Byte alignment in union

A

Ares Lagae

Suppose i do something like this:

template <typename T>
class Foo
{

union
{
T c[4];
struct
{
T c0, c1, c2, c3;
}
};

};

with T a built-in type eg. float

does the standard guarantee that c and ci (i in 0...3) occuppy the
same bytes in memory ?

best regards,
Ares Lagae
 
G

Gianni Mariani

Ares said:
Suppose i do something like this:

template <typename T>
class Foo
{

union
{
T c[4];
struct
{
T c0, c1, c2, c3;
}
};

};

with T a built-in type eg. float

does the standard guarantee that c and ci (i in 0...3) occuppy the
same bytes in memory ?


That is endian dependant.

Big endian
c[0] == c3

Little endian
c[0] == c0
 
K

Karl Heinz Buchegger

Gianni said:
Ares said:
Suppose i do something like this:

template <typename T>
class Foo
{

union
{
T c[4];
struct
{
T c0, c1, c2, c3;
}
};

};

with T a built-in type eg. float

does the standard guarantee that c and ci (i in 0...3) occuppy the
same bytes in memory ?


That is endian dependant.

Big endian
c[0] == c3

Little endian
c[0] == c0


Endienness has nothing to do with it.
But the compiler may or may not insert padding bytes
in the structure and thus ruining the intent.
 
J

John Harrison

Gianni Mariani said:
Ares said:
Suppose i do something like this:

template <typename T>
class Foo
{

union
{
T c[4];
struct
{
T c0, c1, c2, c3;
}
};

};

with T a built-in type eg. float

does the standard guarantee that c and ci (i in 0...3) occuppy the
same bytes in memory ?


That is endian dependant.

Big endian
c[0] == c3

Little endian
c[0] == c0


I wouldn't describe it as endian dependant, but its right that the order of
c0 .. c3 is not defined.
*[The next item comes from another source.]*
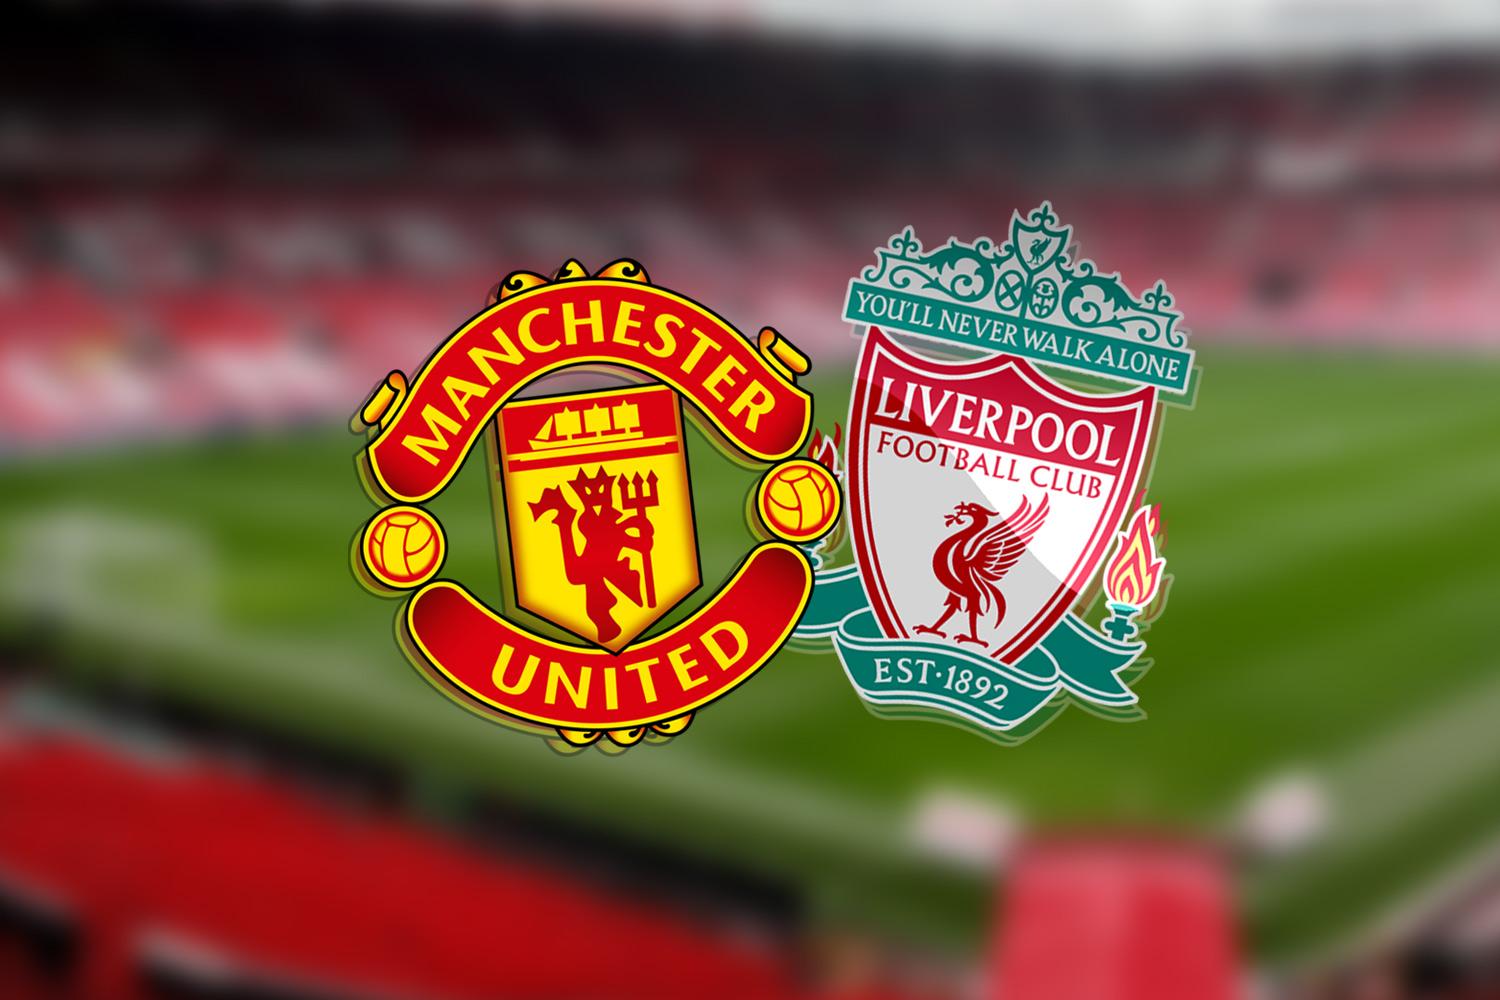 Man U, Liverpool And Others In Talks For A FIFA-backed £4.6bn European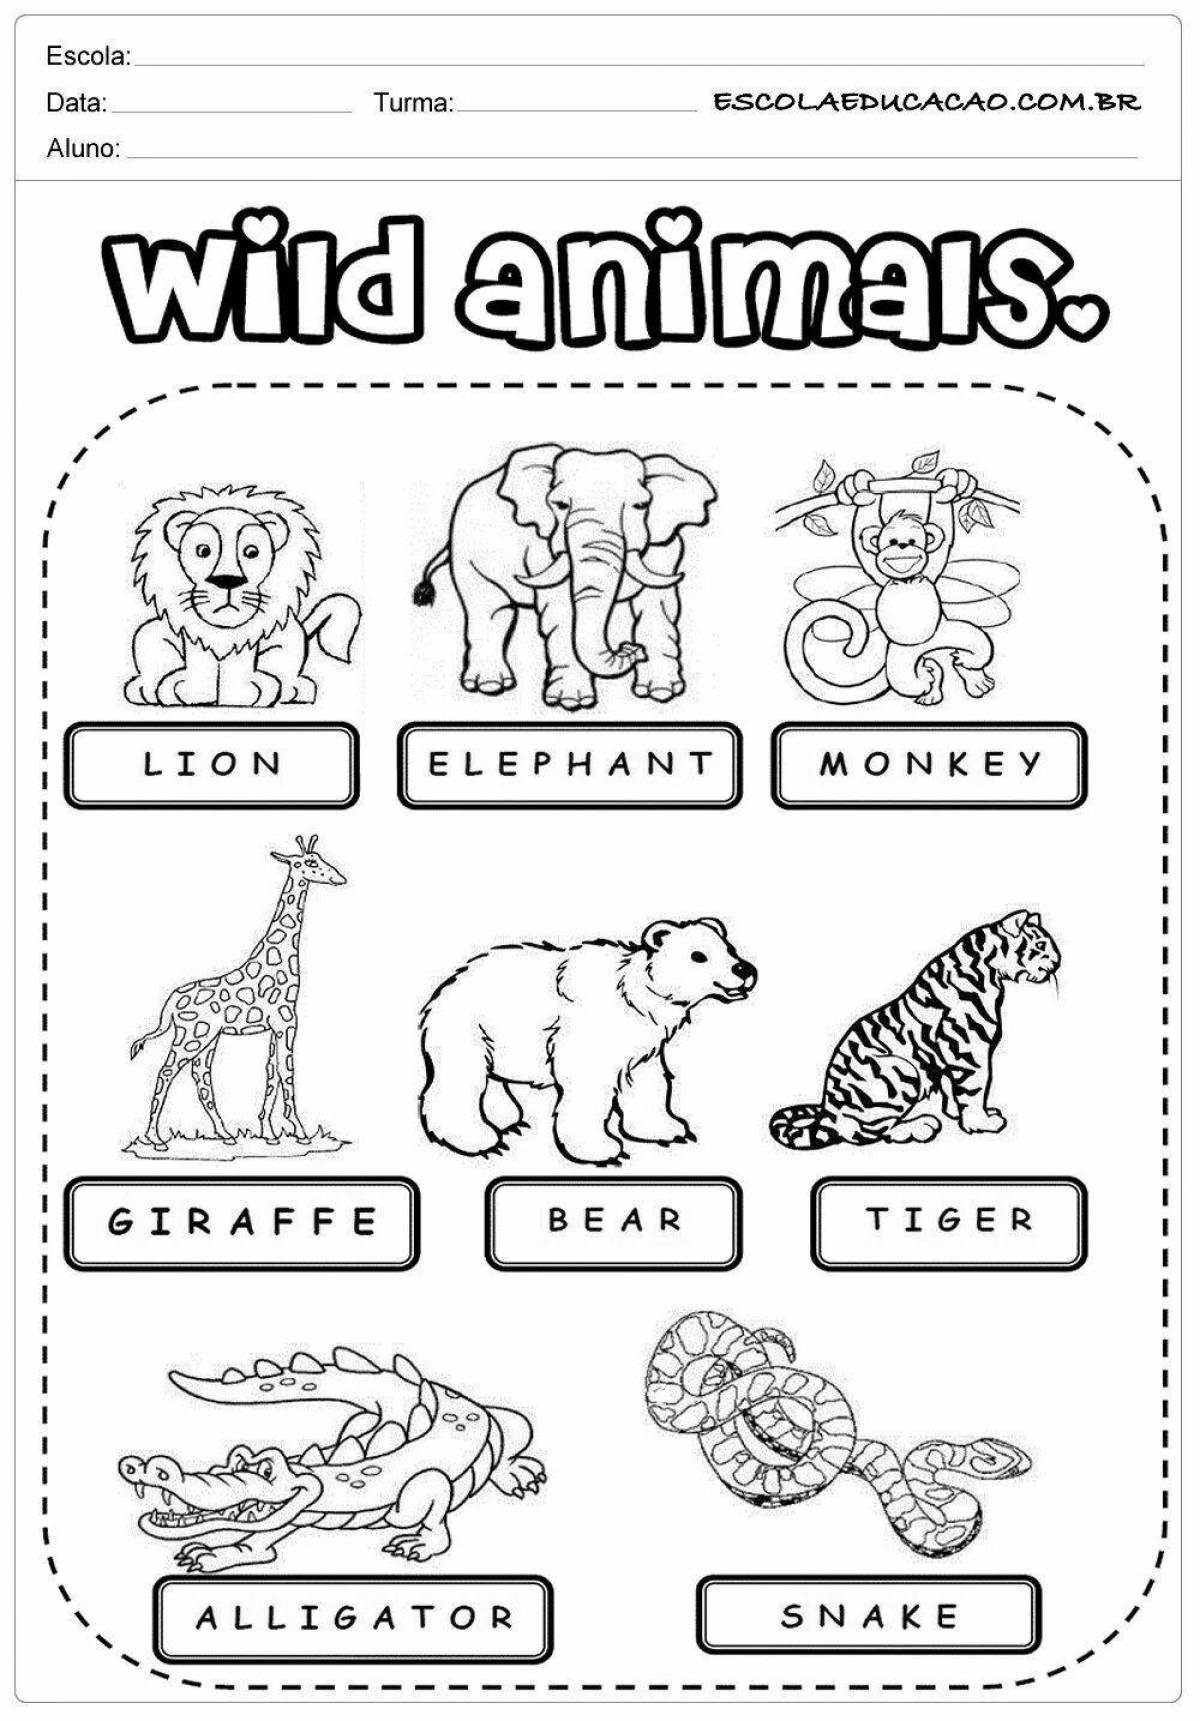 Fancy english animal coloring book for toddlers

The OP would have more luck with

union
{
T c[4];
struct
{
T c0;
T c1;
T c2;
T c3;
}
};

Now c[0] == c0, c[1] == c1 etc.

john
 
G

Gianni Mariani

John said:
I wouldn't describe it as endian dependant, but its right that the order of
c0 .. c3 is not defined. The OP would have more luck with

union
{
T c[4];
struct
{
T c0;
T c1;
T c2;
T c3;
}
};

Now c[0] == c0, c[1] == c1 etc.

john

You're right - my answer was way off. Monday morning .... what can I
say, I need my coffee.
 
A

Ares Lagae

John said:
I wouldn't describe it as endian dependant, but its right that the order of
c0 .. c3 is not defined. The OP would have more luck with

union
{
T c[4];
struct
{
T c0;
T c1;
T c2;
T c3;
}
};

Now c[0] == c0, c[1] == c1 etc.

Are you saying if i use

T c0;
T c1;
T c2;
T c3;

instead of

T c0, c1, c2, c3;

that c = ci is guaranteed ?

it seems to work on vc++, icc and gcc

best regards
Ares Lagae
 
J

John Harrison

Ares Lagae said:
John said:
I wouldn't describe it as endian dependant, but its right that the order of
c0 .. c3 is not defined. The OP would have more luck with

union
{
T c[4];
struct
{
T c0;
T c1;
T c2;
T c3;
}
};

Now c[0] == c0, c[1] == c1 etc.

Are you saying if i use

T c0;
T c1;
T c2;
T c3;

instead of

T c0, c1, c2, c3;

that c = ci is guaranteed ?

it seems to work on vc++, icc and gcc

best regards
Ares Lagae


I'm not sure but I think the compiler can still adding padding bytes between
c0, c1, c2 and c3. So I don't think that you can be sure that c = ci. But
I am sure that the order is c0, c1, c2, c3. With the other way of doing it,
you couldn't even be sure that the order was right.

john
 
G

Gianni Mariani

John said:
I'm not sure but I think the compiler can still adding padding bytes between
c0, c1, c2 and c3. So I don't think that you can be sure that c = ci. But
I am sure that the order is c0, c1, c2, c3. With the other way of doing it,
you couldn't even be sure that the order was right.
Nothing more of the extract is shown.